### The problem
Each line below from the line with "Venise ITALIE VENISE" to the line with "Panca per divano" must be copied exactly, including those two, and no picture may appear in the copy.

### Task inputs
┄┄┄┄┄┄┄┄┄┄

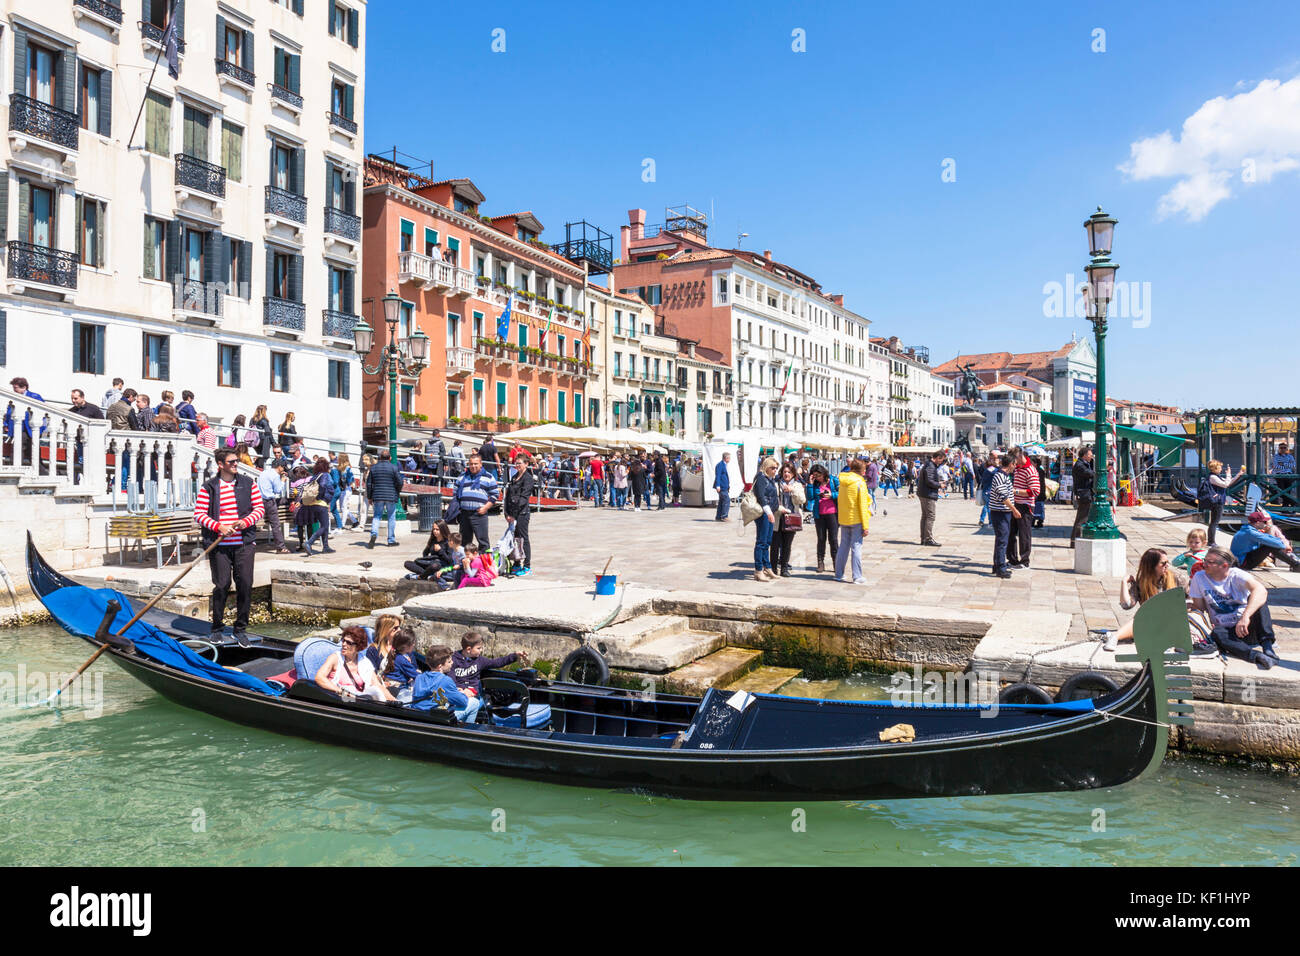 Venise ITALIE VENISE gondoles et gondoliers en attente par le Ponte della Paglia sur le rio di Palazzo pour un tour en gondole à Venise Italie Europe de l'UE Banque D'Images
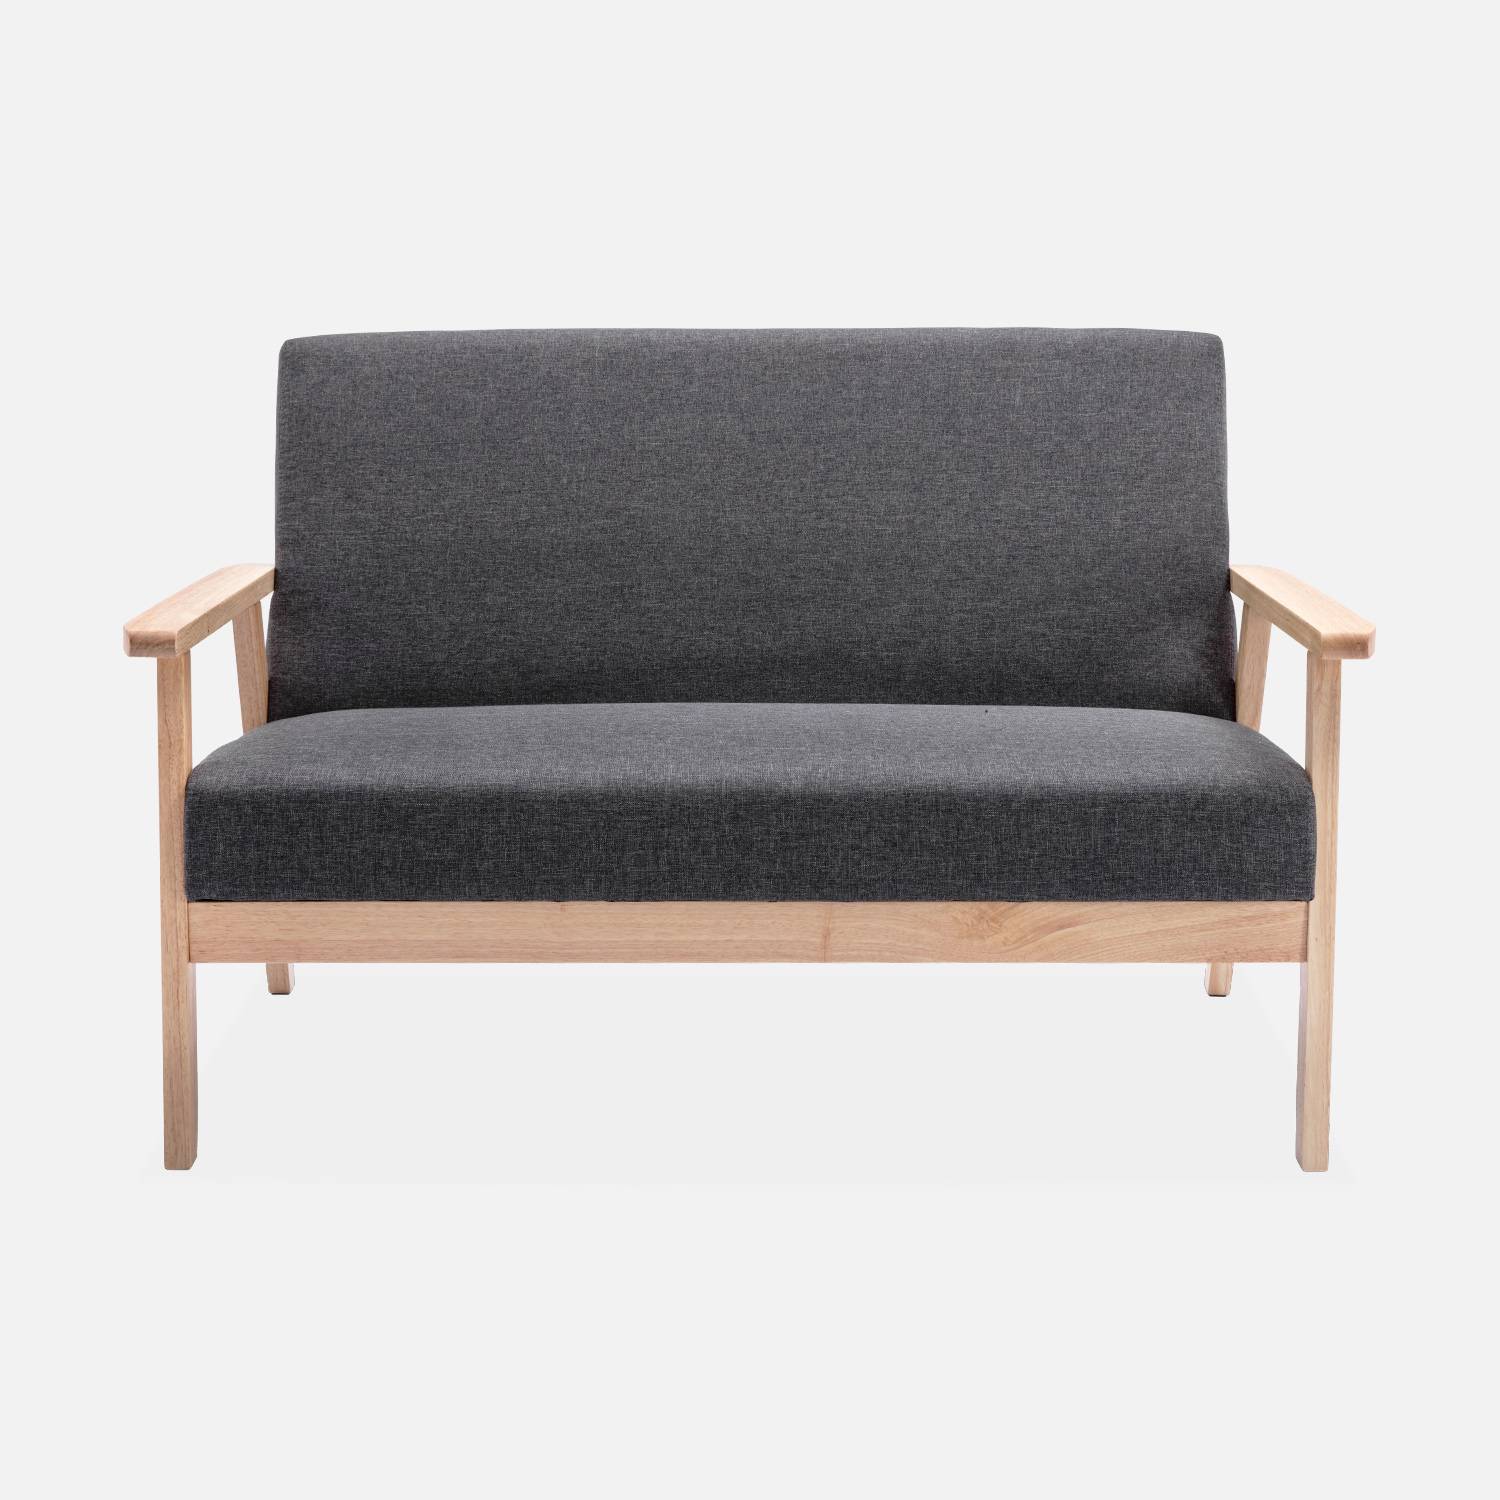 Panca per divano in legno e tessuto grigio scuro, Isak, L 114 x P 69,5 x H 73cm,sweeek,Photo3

┄┄┄┄┄┄┄┄┄┄

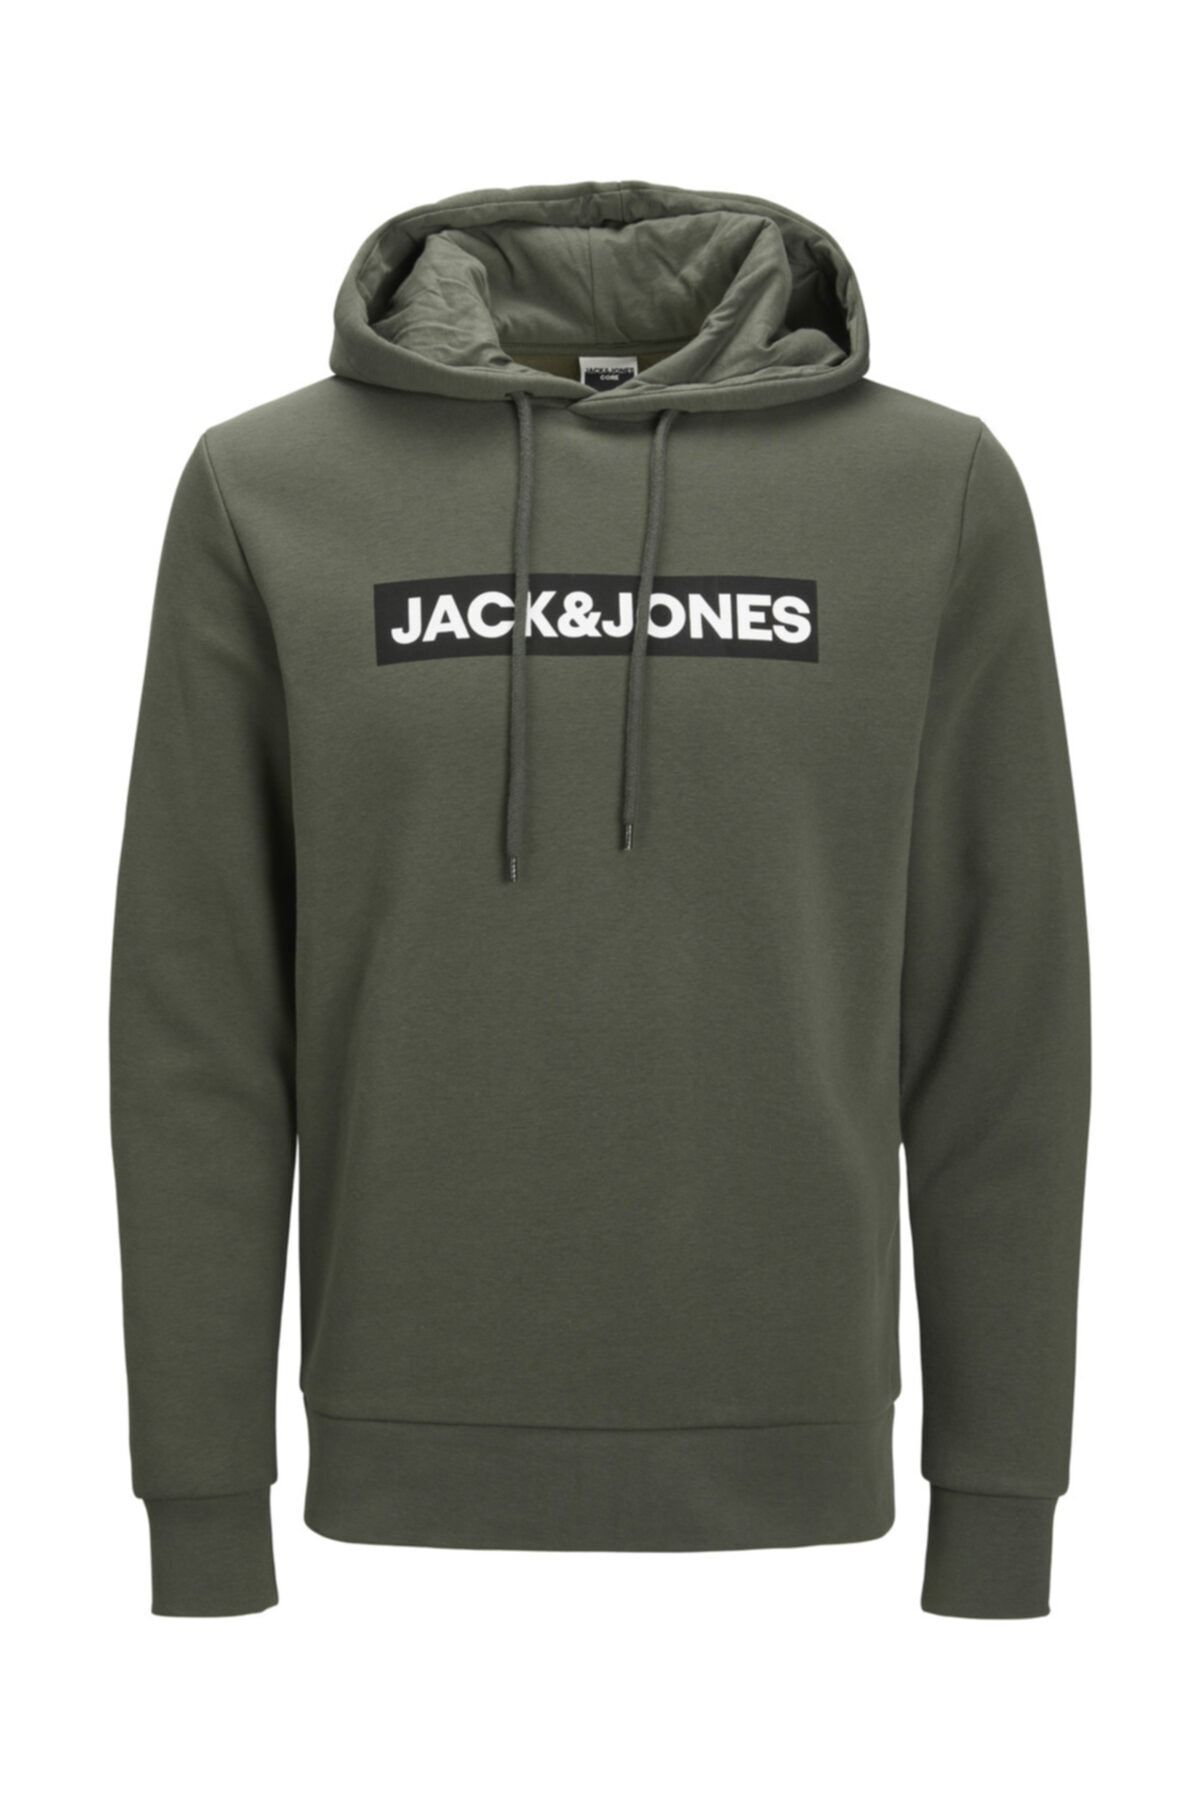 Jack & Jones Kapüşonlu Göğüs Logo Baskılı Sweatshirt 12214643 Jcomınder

┄┄┄┄┄┄┄┄┄┄

### Output of the exercise
 Venise ITALIE VENISE gondoles et gondoliers en attente par le Ponte della Paglia sur le rio di Palazzo pour un tour en gondole à Venise Italie Europe de l'UE Banque D'Images
 Panca per divano in legno e tessuto grigio scuro, Isak, L 114 x P 69,5 x H 73cm,sweeek,Photo3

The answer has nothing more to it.